This invention relates to method and apparatus for improving the operation of internal combustion engines and of its fuel metering means. The invention applies to the type of engine having carburetors and of reducing the hydrocarbons emissions from the carburetors and engines systems. It also applies to engines using fuel injection. The invention is accomplished by cooling the fuel supplied to or in the carburetor or fuel injector, that is, in general by supplying fuel to the intake manifold at temperatures cooler than heretofore.
In modern automative vehicles, the temperatures in and around the engines have been considerably raised, even in parts which are not directly related to the operation in the combustion chamber. Thus, the low silhouette of modern cars and the packing of more and more equipment into the lower engine compartment, while trying to keep the car size relatively small have resulted in tight containment of the devices within the engine compartment, and this alone has tended to cause the engine and related equipment, such as the carburetor or fuel injector, to get hotter.

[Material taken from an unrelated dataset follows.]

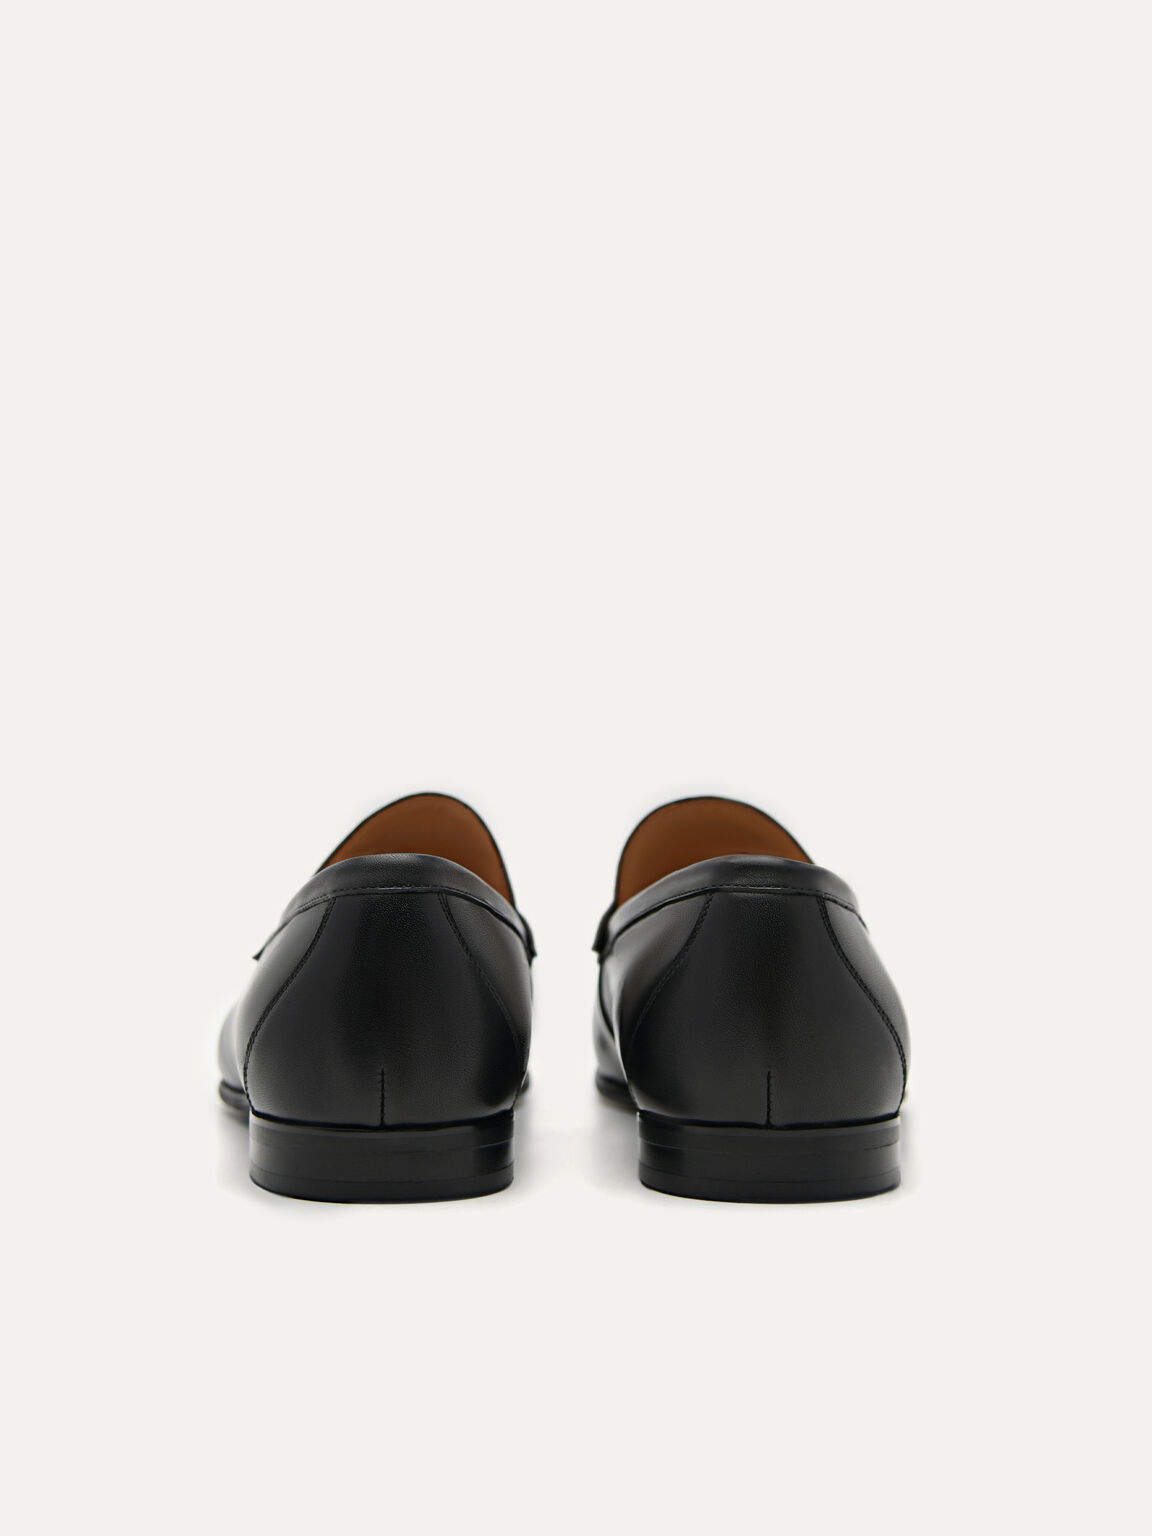 Gable皮革樂福鞋, 黑色

In addition, however, the temperature of the intake manifold has been raised in order to get better fuel-air distribution and to obtain improved vaporization of fuel before it enters the combustion chamber. It is important, of course, to have the fuel well vaporized within the combustion chamber, but the accomplishment of that desideratum has caused heat to be conducted from the combustion chamber, through the intake manifold, to the carburetor or fuel injector. In many instances insulating gaskets have been provided to reduce somewhat the amount of heat transmitted from the intake manifold to the carburetor or fuel injector; but these gaskets have not succeeded in preventing the carburetor or fuel injector from getting quite hot. When the engine is fully warm, the heat transmitted to a carburetor is often sufficient to heat the fuel in the carburetor bowl enough for it to boil. When this fuel boils, some of the vapor emitted therefrom passes directly into the atmospheric air from the carburetor, thereby increasing engine emissions of unburned hydrocarbons.
The boiling of the fuel in the carburetor bowl also changes the effective fuel-air ratio at the carburetor, and some of what is supposed to be air is actually nearly saturated with fuel vapor. A similar problem tends to occur with fuel injectors. This change in the fuel-air ratio reduces the engine efficiency and results in further unburned hydrocarbons entering the atmosphere, in this case from the engine exhaust. The effects of changing the fuel-air ratio in the carburetor or fuel injector in this manner are quite serious, yet under present conditions there is no way of preventing this erratic behavior, since when the fuel does boil within the carburetor or vaporize in the fuel injector, it can no longer be controlled as a liquid.
Thus, the pollution of the air and the economy of operation of the car have both been seriously affected.
In research done on combustion control systems in which additional heat has been added within the combustion system, along with turbulence and water to get better combustion control, I have discovered that operation is affected greatly by the high heat in the carburetor or fuel injector; it became extremely difficult to adjust the carburetor or fuel injector in a manner that would obtain repeatable results. Sometimes the carburetor was almost unmanageable, in the sense of one's being able to maintain a set fuel-air ratio and of being able to keep the engine operating properly, because of this excess heat.
Thus, I have found that the heat needed in the intake manifold in order to vaporize the fuel is not needed in the carburetor or fuel injector and affects performance adversely. In the intake manifold, the vaporization of the fuel enables a good, equal distribution between the cylinders of the supply of fuel and air at the proper ratio, but this ratio is adversely affected when the fuel in the carburetor or fuel injector has been heated too high so that some of the fuel enters as a liquid and some variable proportion enters as a vapor.
I have found that application of the present invention in which the fuel is cooled before it enters the intake manifold enables substantial increase in the effectiveness of the carburetor, and, as a result, in the operation of the engine. Also, the invention reduces the emissions both from the carburetor and from the engine exhaust, since the hydrocarbons supplied can be used consistently and since hydrocarbons are not passed from the carburetor into the air in substantial amounts.